Lorsqu'elle revint dans son propre bureau, Hermione se retint de parler de ses soupçons à la chef du magenmagot. D'un, son impression concernant de Malefoy n'était qu'une supposition, une première supposition. De deux, elle ne voulait pas non plus que ses sentiments à son égard altèrent son jugement. Elle préféra donc s'asseoir sur sa chaise en silence. Elle ouvrit le dossier rouge et nota tout ce qu'il lui semblait important, sans oublier de mentionner Malefoy. Lorsqu'elle le referma, Becker s'était levée pour se rapprocher d'elle.
- L'audience de dix-huit heures a été avancée, nous devons y être dans trente minutes, déclara-t-elle en consultant sa montre.
Hermione se releva aussitôt et suivit Becker dans le long couloir menant aux ascenseurs. Leur route se fit dans un silence total, ce qui parut étrange à Hermione. Elles montèrent dans l'ascenseur et en ressortirent toujours dans le même silence. Alors qu'elles approchaient de la salle d'audience, Becker s'arrêta pour faire face à Hermione.
- Connais-tu bien le cas qui va se présenter à nous ? Questionna-t-elle.
- Bien sûr, répondit Hermione. Il s'agit de Serena Calvin, élève en dernière année à Dumstrang. Elle a été surprise entrain de lancer le sortilège Doloris sur l'une de ses camarades de classe. L'école Dumstrang a rapporté que le comportement de la jeune fille avait toujours été déviant, malgré le fait qu'elle n'ait jamais dépassé une telle limite avant ça. Le sort a été lancé dans l'enceinte de son école, un soir.
- Quelle sentence donnerais-tu ?
- Pour commencer, l'exclusion définitive de son école et l'interdiction de rejoindre n'importe quel autre établissement. Ensuite, étant majeur, elle sera envoyé à Ask..

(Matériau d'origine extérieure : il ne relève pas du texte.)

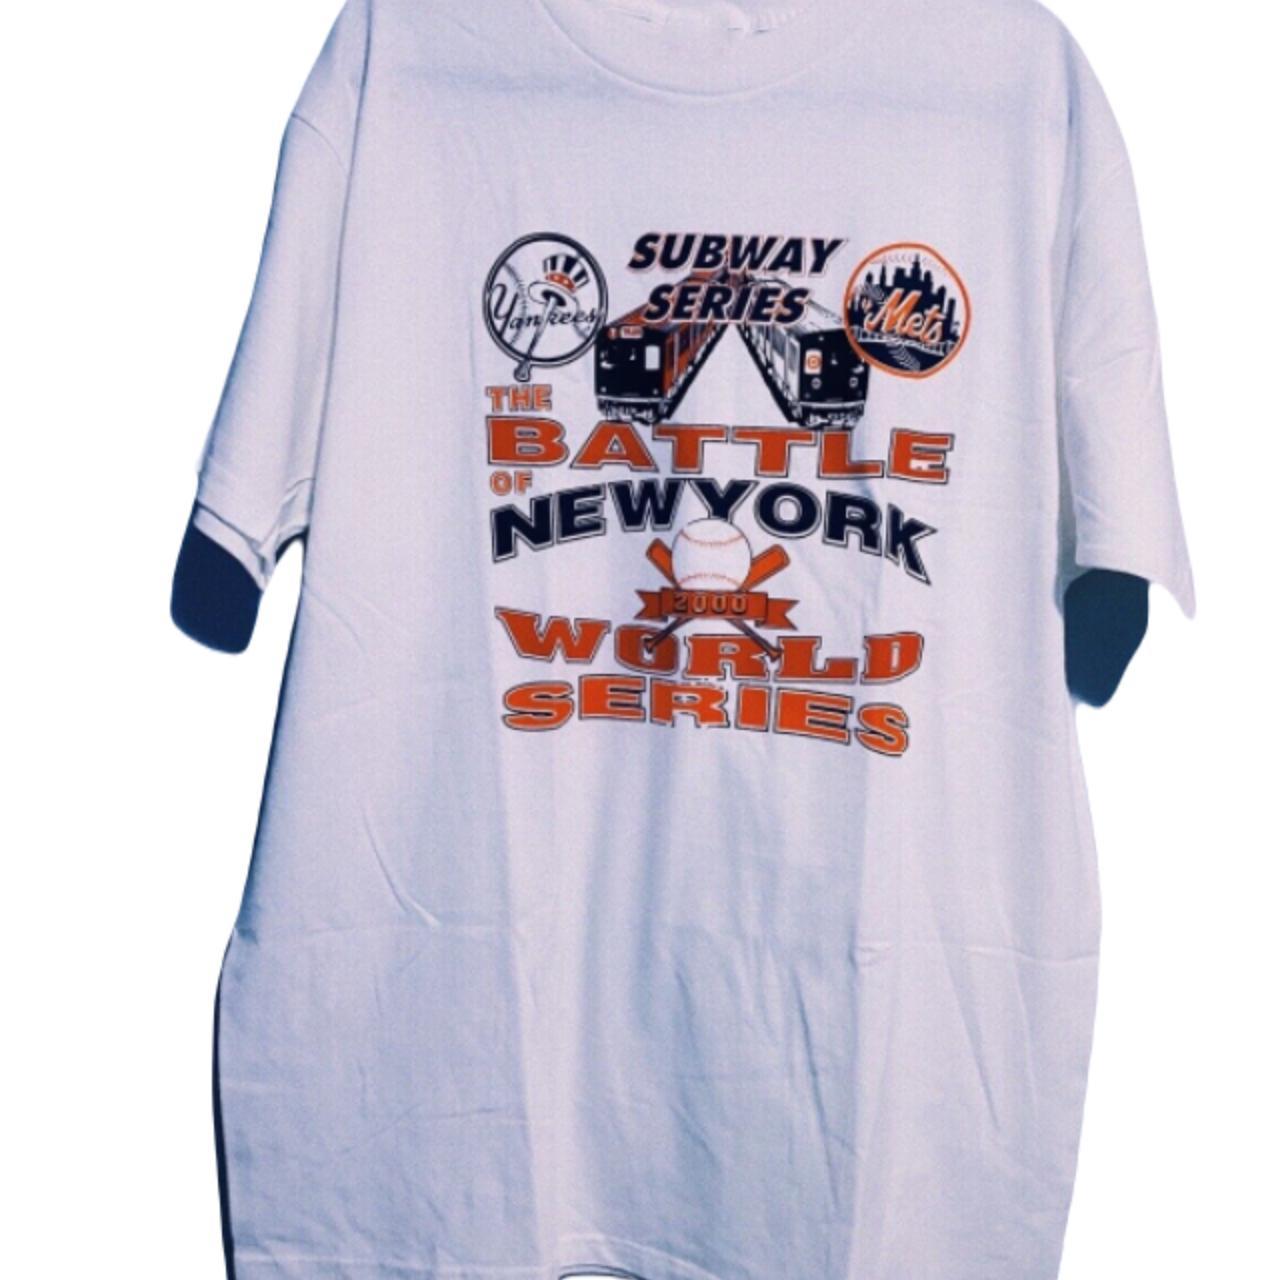 World Series 2000 T Shirt Battle of New York Yankees Mets 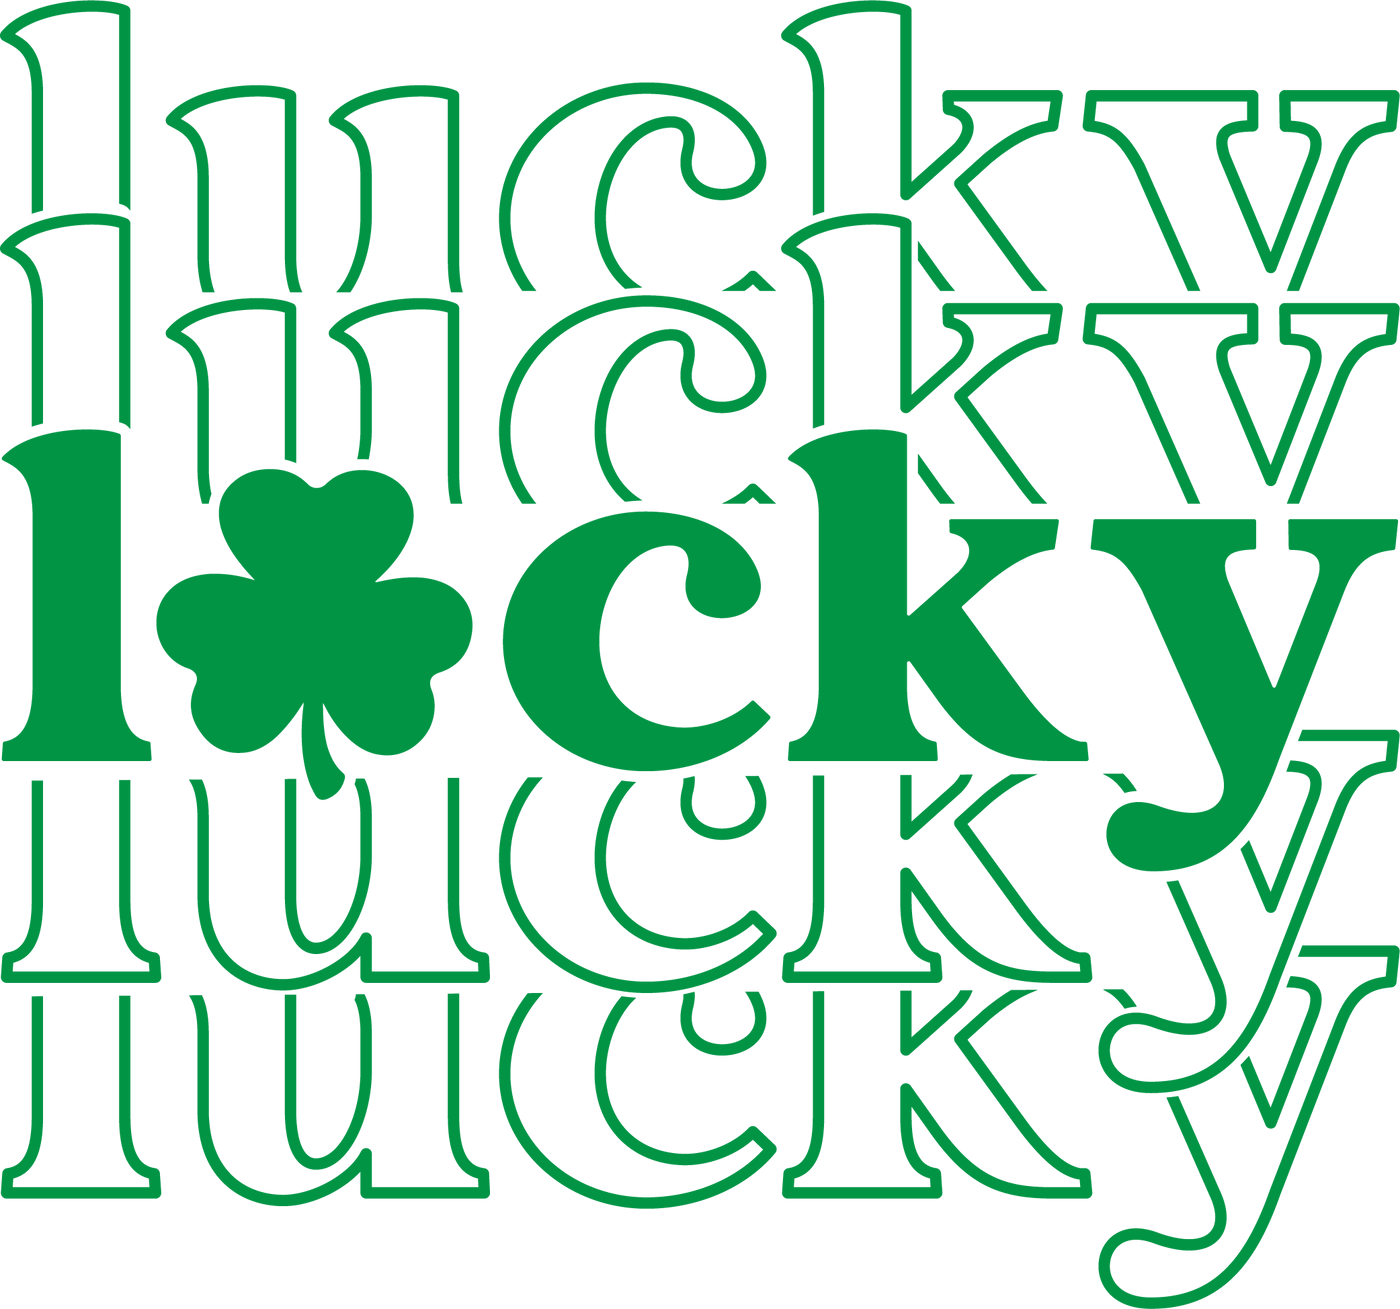 Lucky Lucky Lucky Hoodie

- Non, la coupa Becker. Nous allons la renvoyer de Dumstrang, mais ce sera sa seule punition parmi toutes celles que tu viens de citer.
- Pardon ? S'exclama Hermione choquée.
- En plus de son renvoie, il faut lui trouver une autre punition, mais qui ne condamnera pas son avenir.
Hermione s'apprêta à répliquer lorsque la jeune fille en question passa près d'elles. Hermione la reconnut aussitôt grâce à la photo qui illustrait son dossier. Elle avait de long cheveux roux extraordinairement raides qui lui descendait jusqu'aux fesses et de petit yeux foncés qui contrastaient avec la blancheur de sa peau. Elle leur adressa un bref regard apeuré avant de les dépasser. Elle n'était cependant pas seule, un homme massif, au regard dur, l'accompagnait. Ce dernier s'arrêta à leur hauteur.
- Bonjour Alicia, la salua l'homme d'une voix mielleuse et dure à la fois, en lui serrant fermement la main.
- Bonjour Andrei, lui répondit Becker en souriant. Je vous présente Hermione Granger, mon adjointe.
L'homme serra la main d'Hermione, puis fit signe à Serena Calvin de s'éloigner pour les laisser seuls.
- Ces sales gosses...grogna-t-il. On leur donne tout ce dont ils ont besoin, on cède à tous leurs caprices et ils trouvent toujours le moyen de faire des bêtises.
Hermione faillit s'étouffer. « Des bêtises » ? Serena Calvin avait torturé quelqu'un !
- Ne vous en faites pas Andrei, je connais bien ce par quoi votre fille est passée. Elle a beau être majeure sur le papier, elle n'en reste pas moins une enfant. Par contre, je ne pourrais pas passer outre son renvoie. Pour le reste, faites-moi confiance.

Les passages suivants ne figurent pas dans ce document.